Midlifers live their dreams by changing careers

At 47, attorney Frank Miele left a lucrative partnership at a law firm to open his own art gallery in New York City, a decision he says took him about "2½ seconds" to make and one he doesn't regret even in these tough economic times.

Joe Sabia of Boca Raton, Fla., was 46 when he quit his job selling medical products to become a physical education teacher and coach, which he calls "the best job in the world."

Bartan Kennedy, an assistant kindergarten teacher in Stamford, Conn., was 50 when she realized she still wanted to fulfill her lifelong desire to be a performer. So she took a job doing dramatic storytelling at three local libraries and now entertains 200 children every week.

"My audience is young and enthusiastic and forgiving, and I am finally a star," she says.

With the economy on the skids and retirement benefits being cut, many people realize they will need to continue working much longer than they ever expected, and they're rethinking how they want to spend those years.

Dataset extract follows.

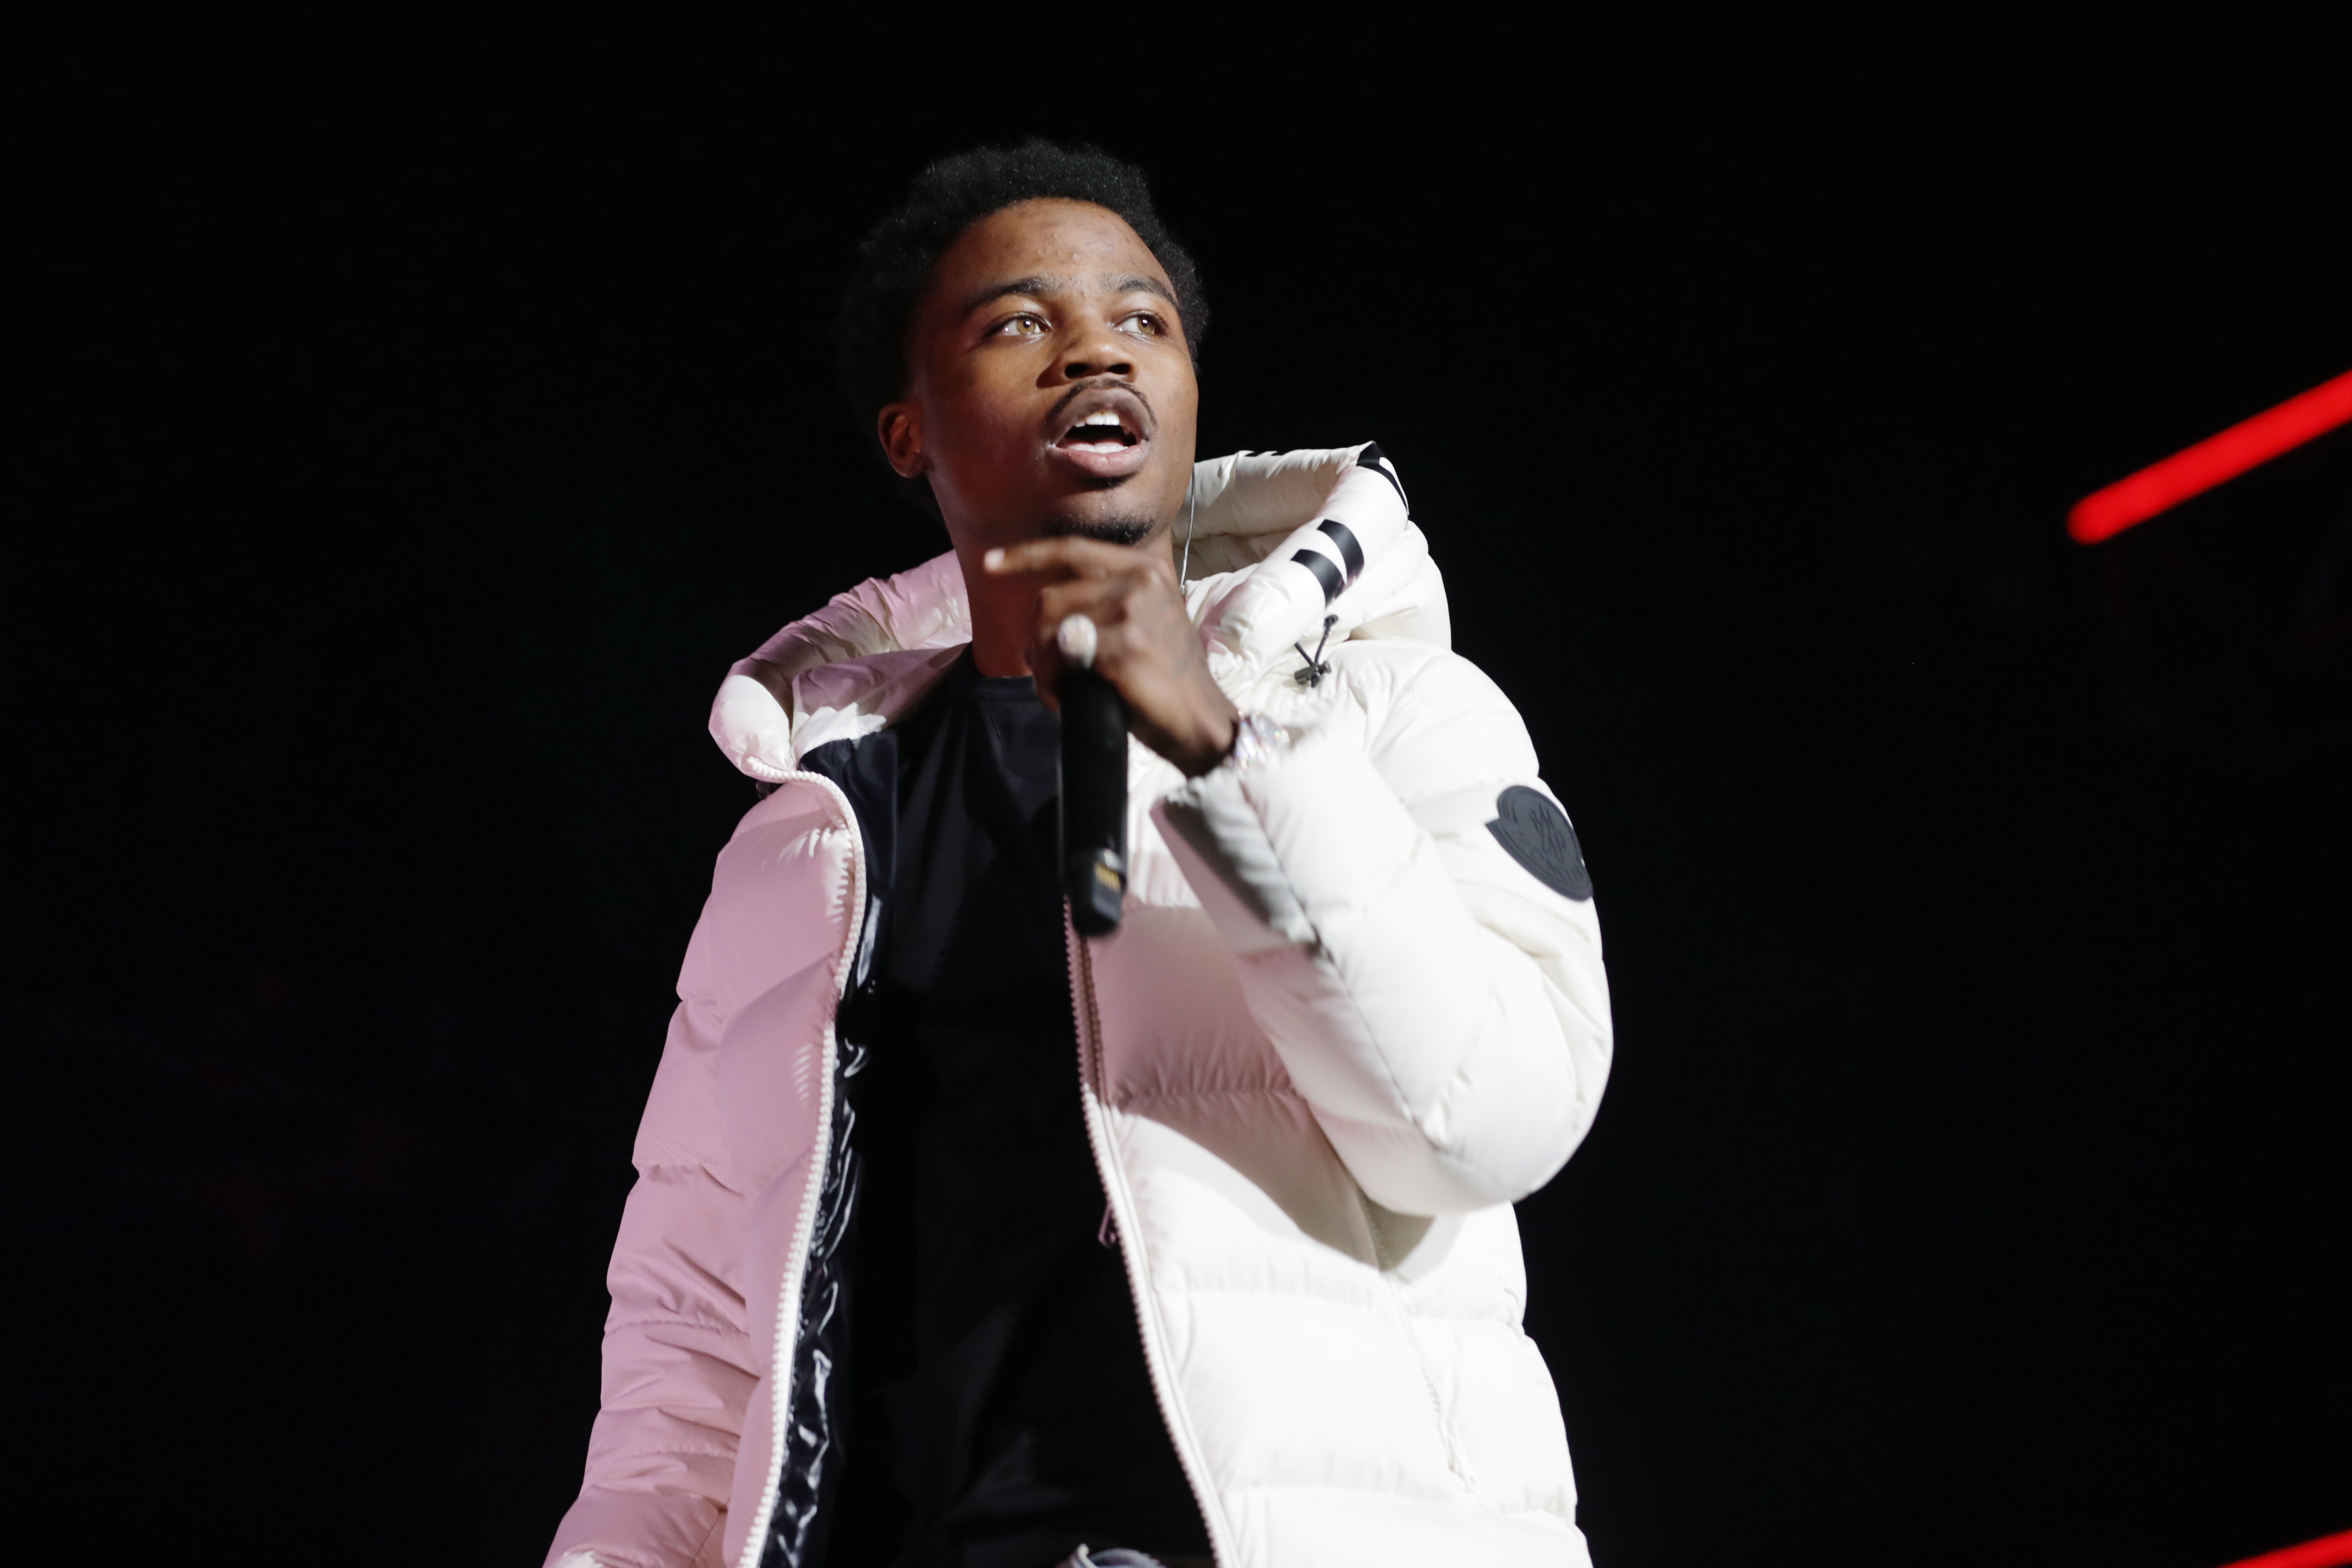 Roddy Ricch Recounts Meeting Jay-Z At The Grammys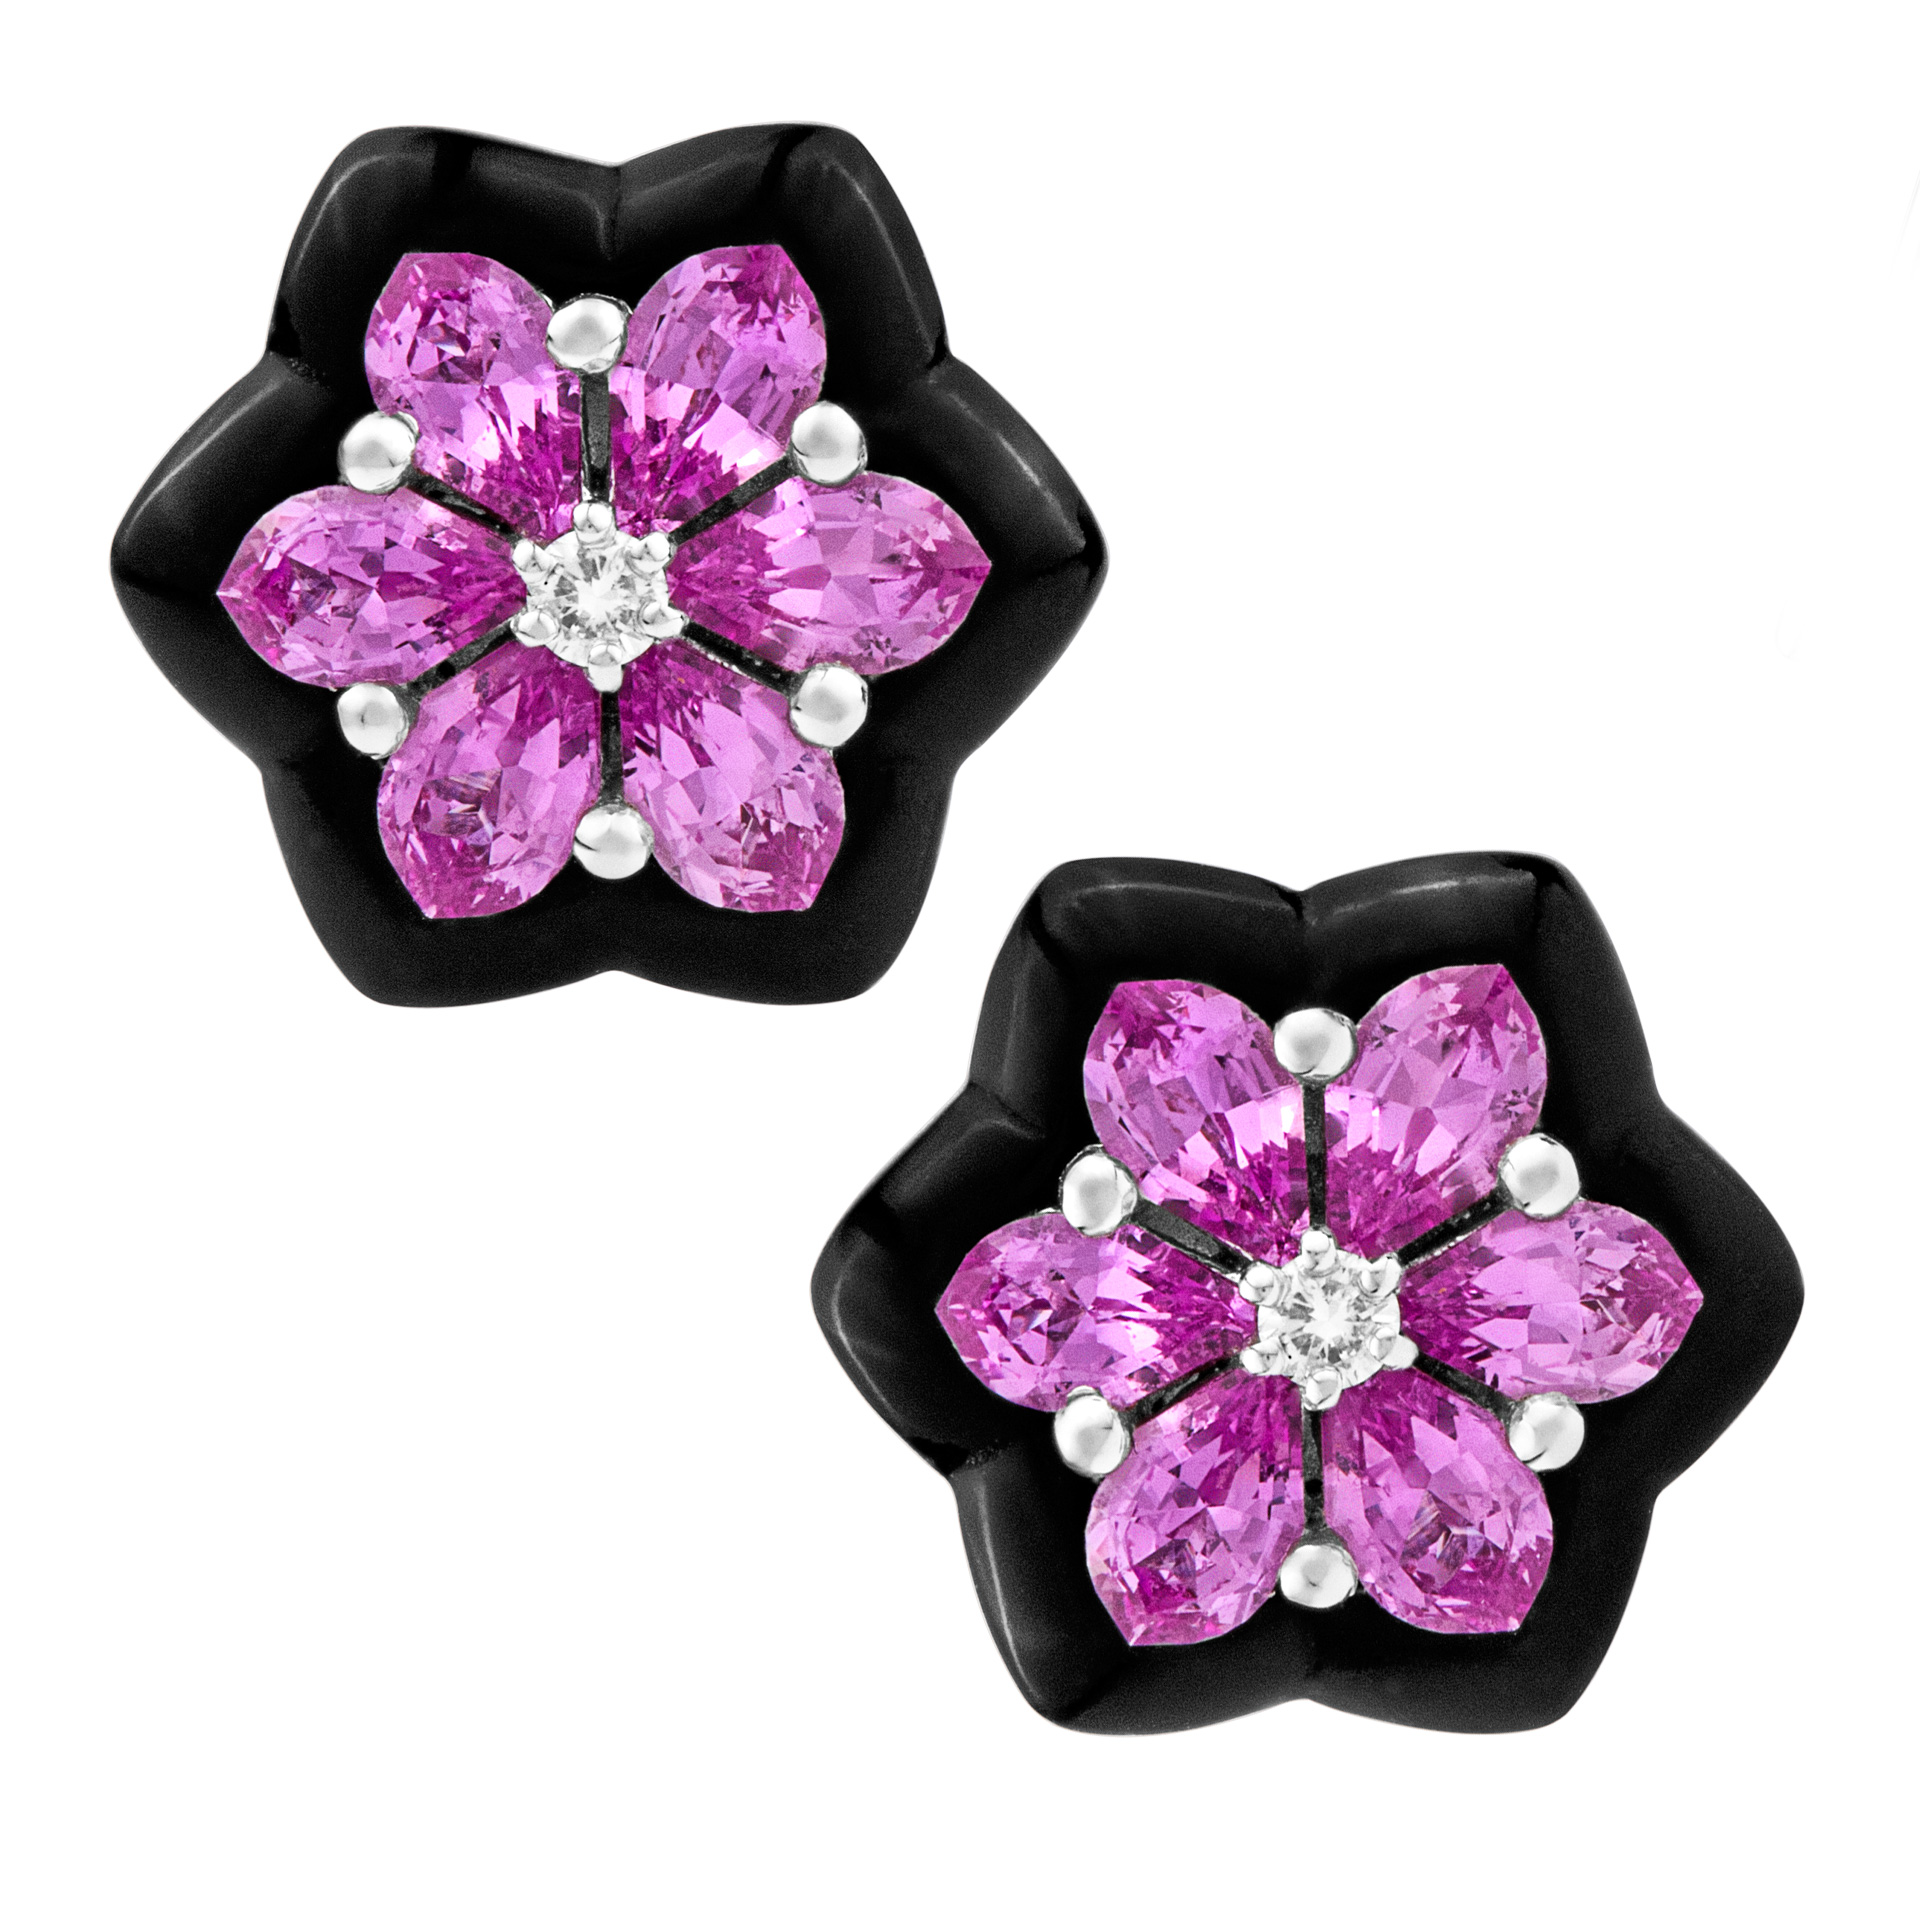 Pink sapphire & onyx earrings with diamond center. 2.00 carats in sapphires image 1

Is there still time to switch, take a risk and pursue an old dream, a secret passion, something meaningful? USA TODAY asked to hear from readers who did just that, and dozens responded with details about how they changed course.

"People are realizing that they might be working for a long time, so they might as well find something that they like," says life coach Laura Berman Fortgang, author of Now What? 90 Days to a New Life Direction.

At least 5.3 million people ages 44 to 70 in the USA have encore careers, ones that combine income, personal meaning and social impact, and many more would like to pursue such jobs, according to the MetLife Foundation and Civic Ventures, a national think tank.

But figuring out what to do can be a daunting task, experts say, and many people are frozen in indecision and fear. Too often people dismiss their passions and dreams as improbable because they might need more training or because they feel as if they'll be throwing away years they invested in graduate school or their current careers, Fortgang says.

Many clients tell her they have no idea how to begin to uncover another passion or dream within themselves. They say to her: "I don't know what else I would do." She looks at them and says, "I bet you do, but you don't want to admit it." Fortgang has clients write their life stories so they can uncover forgotten interests.

Frank Farley, a psychologist at Temple University in Philadelphia and former president of the American Psychological Association, says figuring out something that will sustain your commitment, passion and drive for years to come takes careful thought. "I have a simple formula for success in life," he says. "Success equals self-knowledge plus motivation."

When it comes to your self-knowledge, Farley advises taking a hard look at your current job. What do you like about it, and what don't you like? Ask yourself if you have a passion such as art, landscaping or writing that you will regret not pursuing. "You don't want to look back and think, 'I wish I'd done that.'

"After you come up with some passions or interests that might evolve into a new career, then it's important to do a dispassionate analysis of them: Is this enough for me? Can I make enough to support myself and my spouse?"